Cardiac arrhythmia. cardiac dysrhythmia or irregular heartbeat. Medical illustration

I got diagnosed with Atrial Fibrillation yesterday. Again. I was going to Cardiac Rehabilitation and walking across the parking lot to the gym at Sequoia Hospital left me out of breath and, I have to admit, panicky. Worse, my blood pressure was up and the oxygen level in my blood was low. I kept telling myself that I was OK, it was just a residual from my cold, and that being in Sequoia Hospital was probably one of the best places I could be, they could test me, find something like a thorn in my leg which they could easily remove, and send me on my way completely fine. Ahhh, the joy of magical thinking. Long story short, the nurse at the gym didn’t find the magic thorn so she sent me to my cardiologist, across the parking lot, where she had a tech give me an EKG.
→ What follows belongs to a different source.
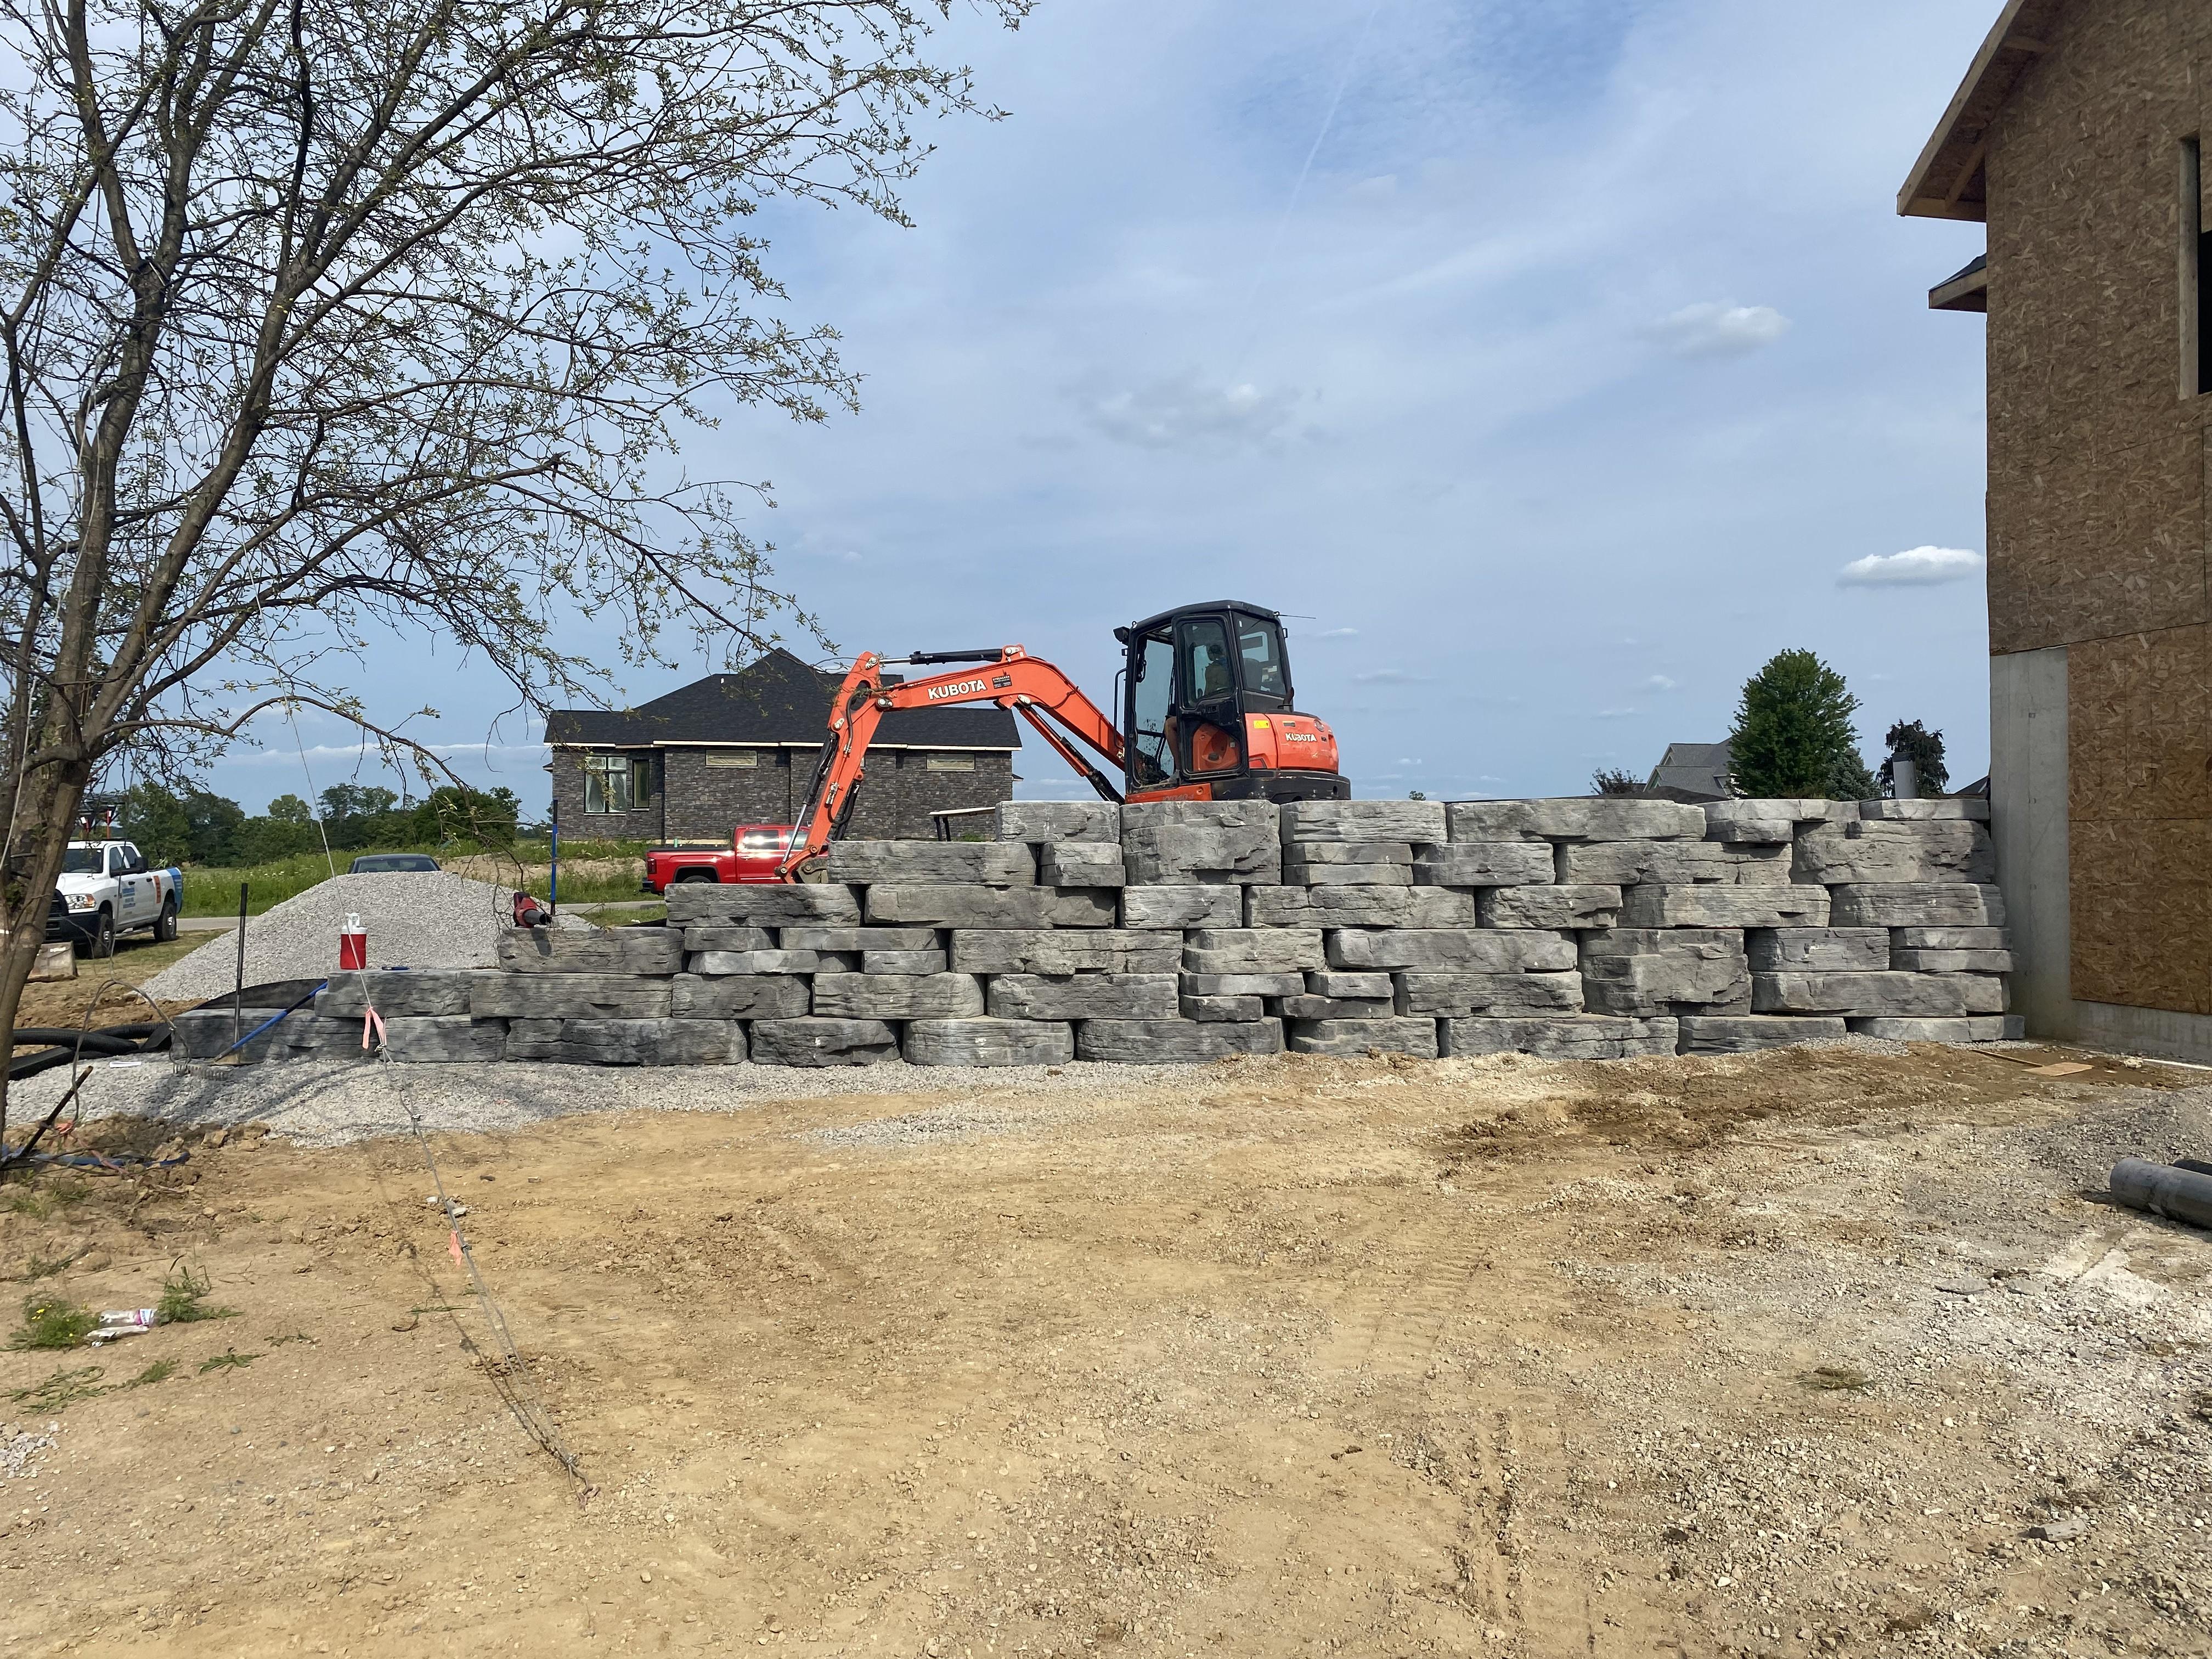 Rosetta Retaining Wall Installation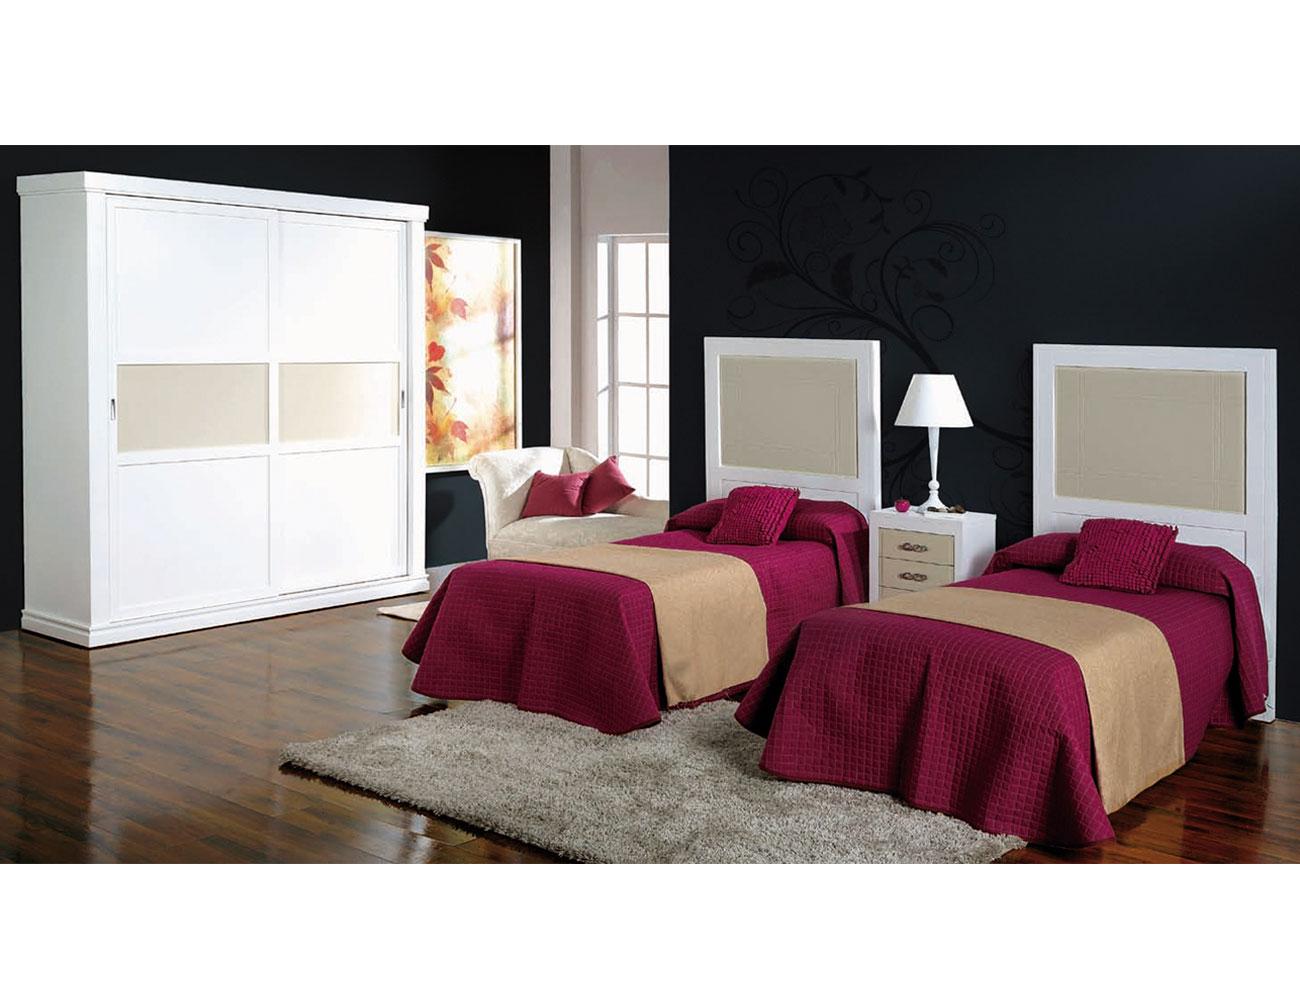 Composicion50 dormitorio armario madera cabecero 90 2

I was sort of relieved that it is Afib and not a heart attack but, as reality sinks in, I am starting to get bummed out. Afib is not a good deal either. Now they are thinning my blood – at $380 for a month’s supply! they sure know they’ve got us by the short and curlies – because the worry is a stroke caused by a blood clot formed by the blood not going smoothly through my pump. In a couple of weeks, they will give me a stress test and then if all goes well, they’ll stop my heart, wait a few seconds, and then reboot me. It is a lot scarier for Michele because I’ll be out, but it is pretty safe (it always works in the movies and usually in real life). In the meanwhile, I feel punk but not panicky.